As Tolstoy had said, the ultimate aim of education is freedom, and their freedom can never be encouraged so long as they are subject to a teacher in the service of the ruling class who, as Ferrer put it, trains students “to obey, to believe, to think according to the social dogmas which govern us.” In such a capacity, the teacher functions more as a soldier or police officer than as an educator. The authentic education is less concerned with what to think than how to think.
Insofar as discipline in concerned, the authentic education considers only self-discipline to be legitimate. Only by encouraging a student’s self-direction as autonomous can an education hope to produce an individual that is responsible. In short, the education of an anarchist is an attempt, through schooling, to give the child back to themselves by ridding them of the alienation imposed by an education in bad faith. As Bakunin realized, “Children belong neither to their parents nor to society. They belong to themselves and their own future liberty.”
Anarchist Education as Care of the Self
The education of an anarchist aims at reconstituting the self beyond the institutional barracks of the school as it currently exists. Within the neoliberal order, the self serves one function: productivity understood as the generation of profits within a capitalist framework. Because of this, we come around again to Foucault and find ourselves watching the face of the liberal self being washed away at the edge of the sea. The student, educated according to the anarchist principles sketched out above, must first annihilate this liberal subject so that they can be reconstituted in their freedom. The anarchist school becomes the site of a radical transformation. As has been said, it is the formation of a new society within the shell of the old one.

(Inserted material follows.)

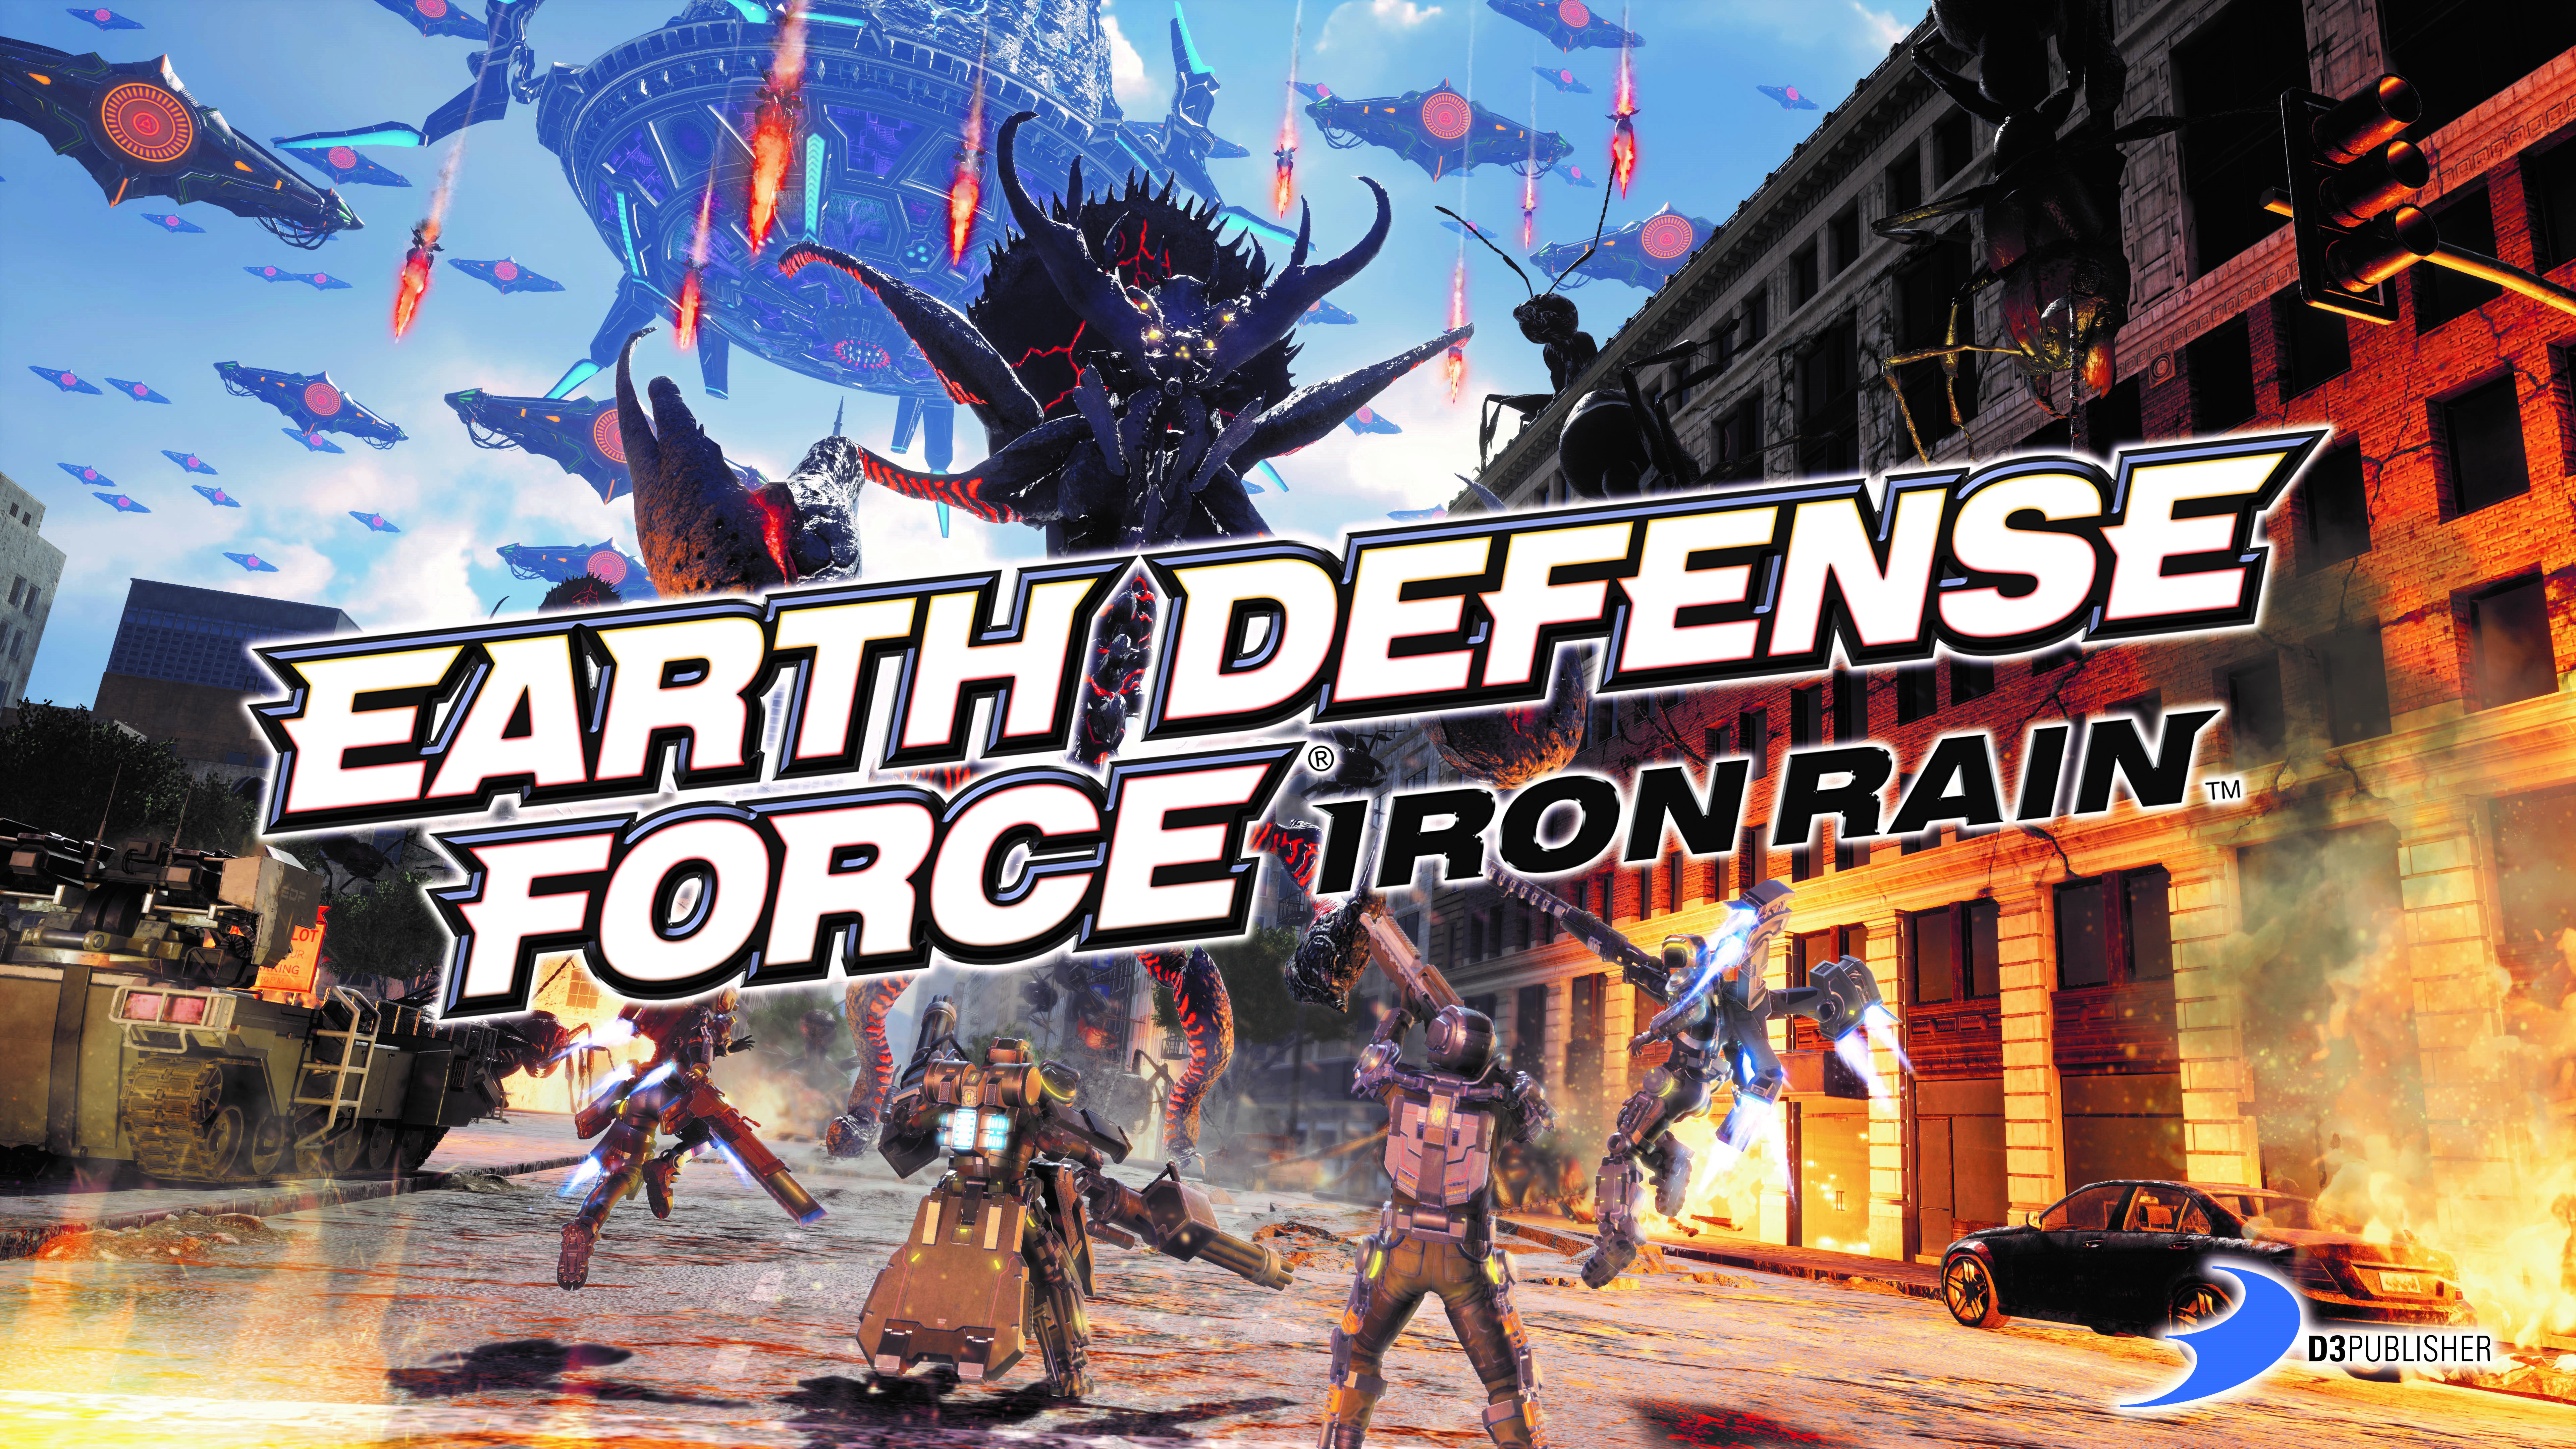 Earth Defense Force Iron Rain (D3 Publisher Inc.)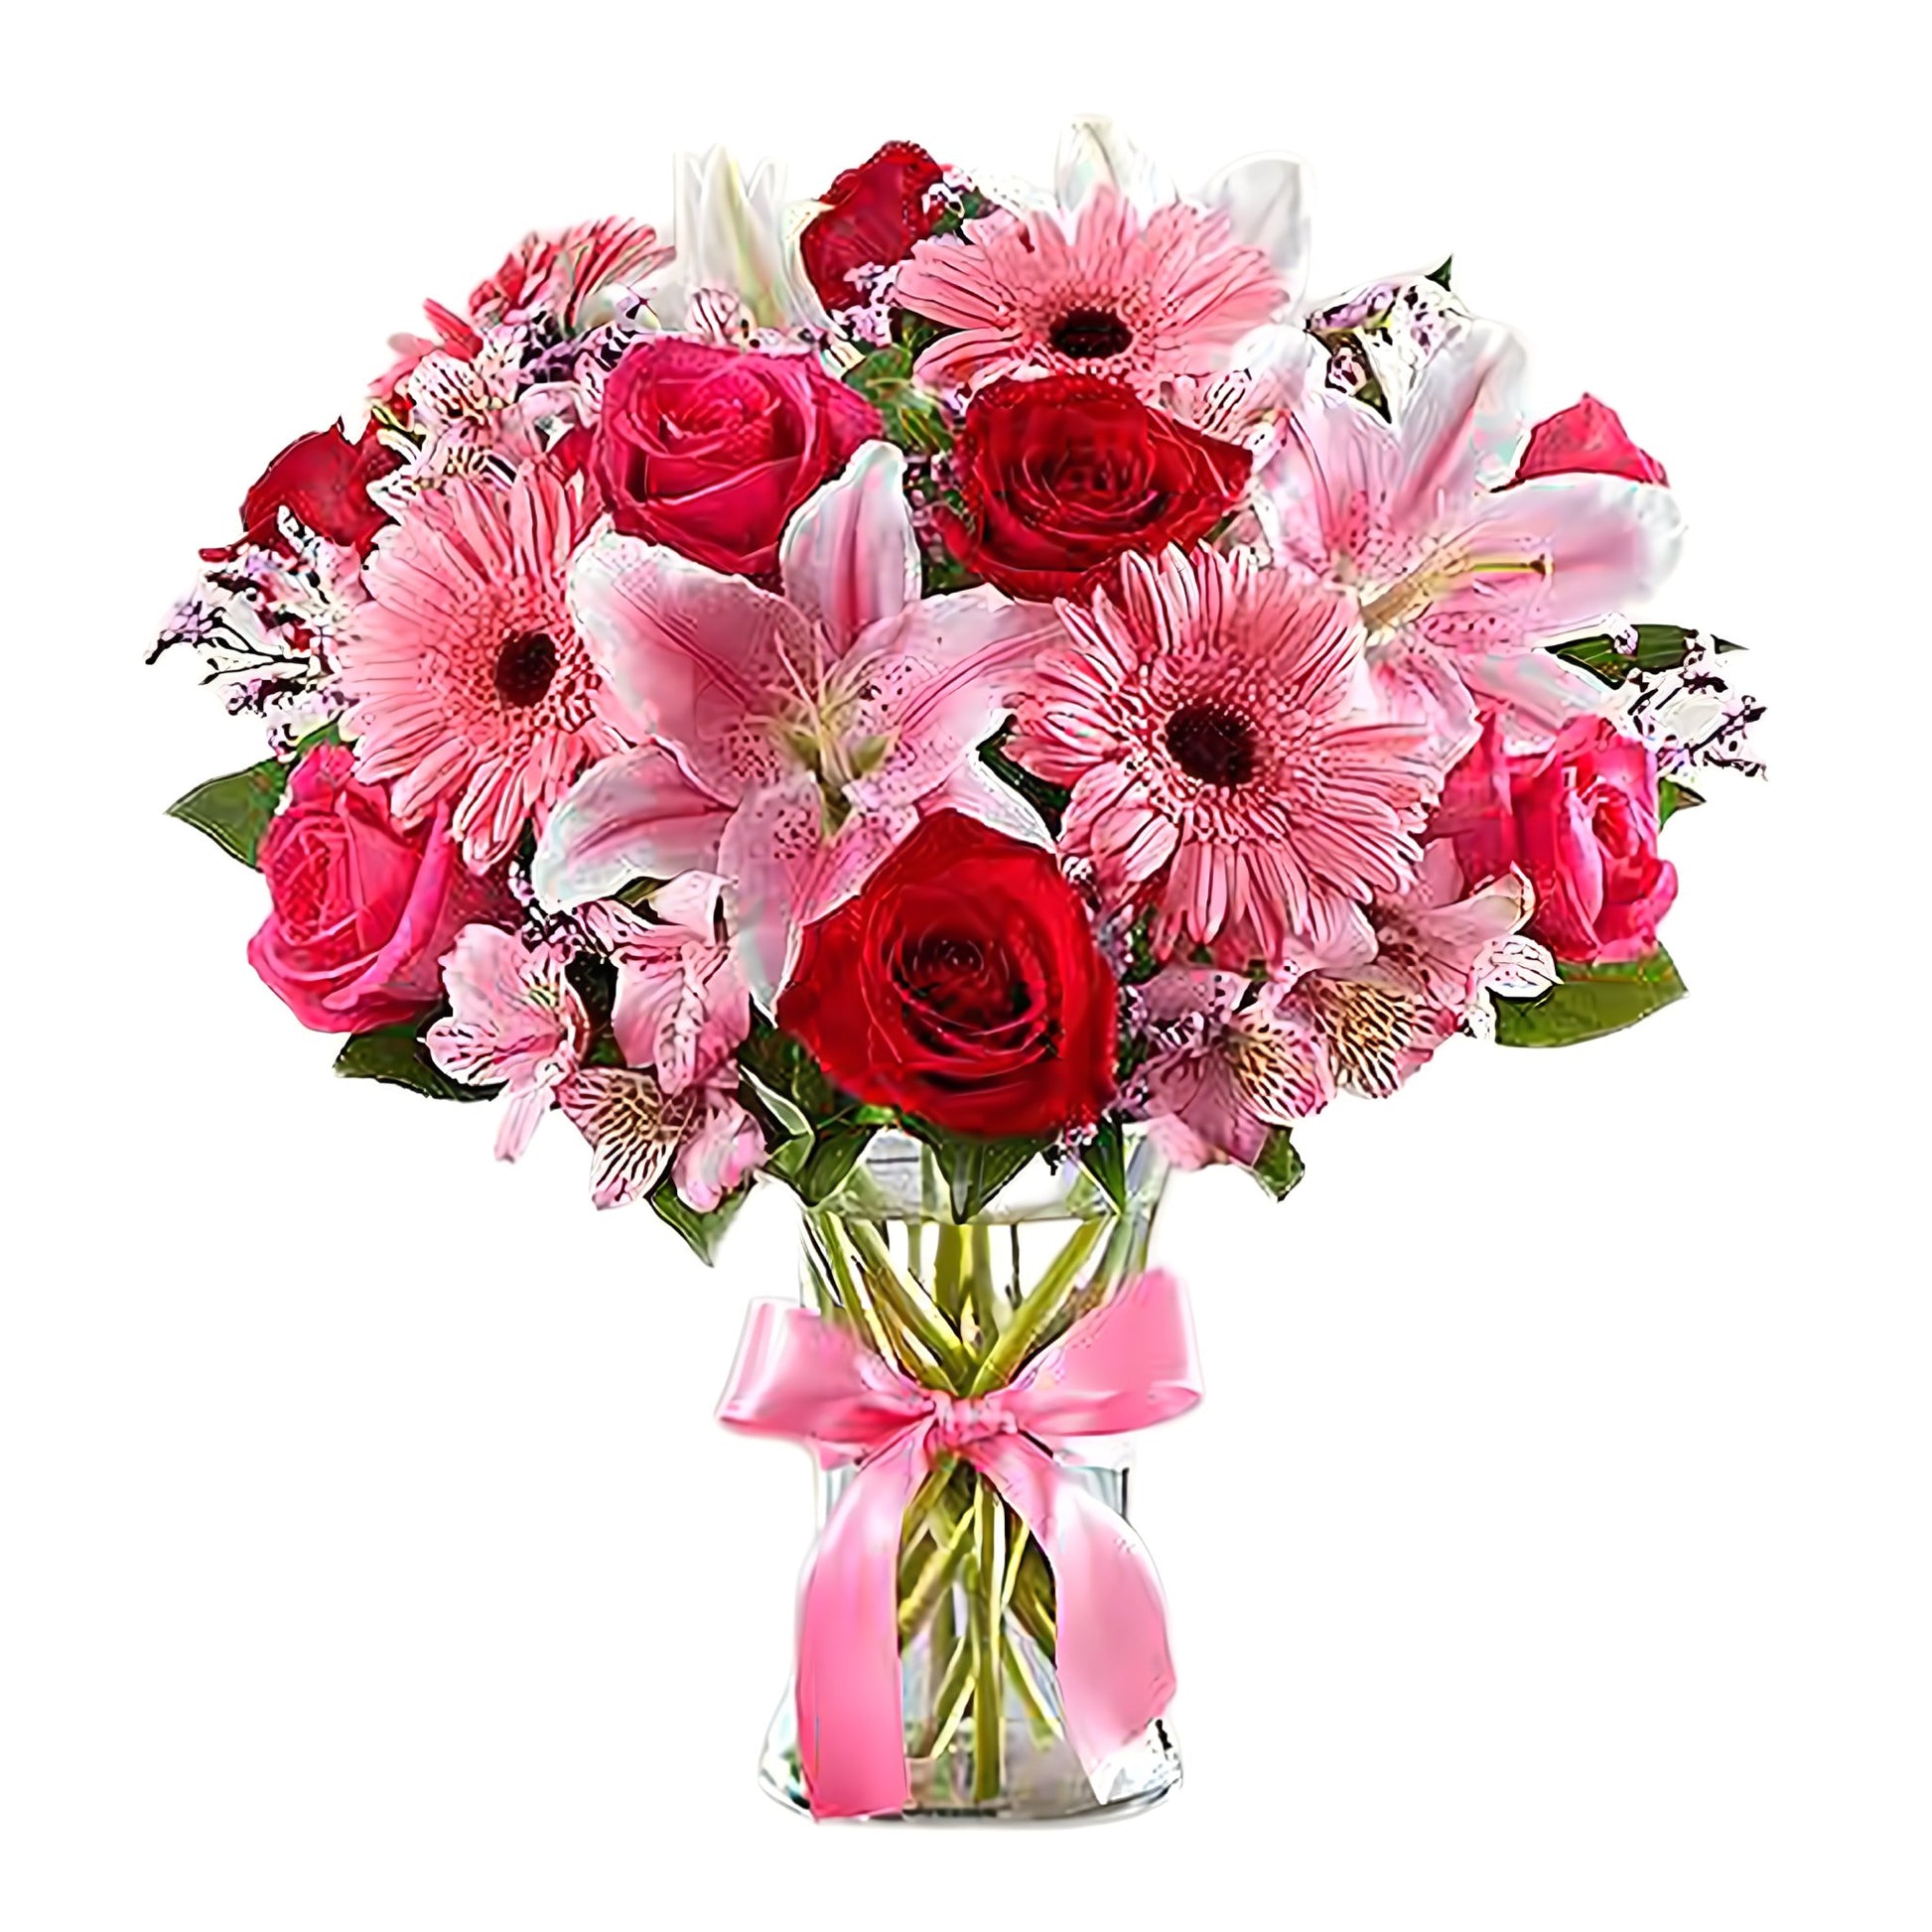 Fields of Romance - Floral Arrangement - Flower Delivery Brooklyn

The education of an anarchist teaches students to care for themselves, to ceaselessly examine and reform themselves as they participate in and help shape the community that sustains them. But they are not egoists. They need the others among whom they pursue their own ends. Indeed, to the extent that each of us must justify ourselves, it is only before the other that I can be justified. The others are my concern. And their freedom, likewise, is my concern. It is only through the free commitments of the others that I myself am liberated. That the teacher as well as the classmate must be my friend is central to any authentic educational experience because a friend is famously another self. In dialogue with them, they become a mirror that presents me to myself in an objective form that can be engaged by a critical gesture. Likewise, by addressing them I present myself as a mirror for their own self-apprehension.
In the current system, with its grades and rankings, this affective echo of each other cannot be accomplished so long as we remain fixed in competition. Freed from these disciplinary restraints, returned to themselves with dignity among equals, the student discovers the possibility of an authentic existence. Engaged totally by the integral education, the student learns a new form of self-reliance where each can work according to their own ends without excessive focus on coercive specialization. This sort of work outside of liberal productivity is a work for the self as well as the other, who finds themselves echoed and opened to their own freedom through the work.
The effects of education weigh heavily on a person throughout their life. It is formative and transformative. Realizing this, the education of an anarchist is an education for everyone. It is not an abstraction, but rather, the only concrete education to address students in their lived particularity as members of a community. It is radical and its time has come.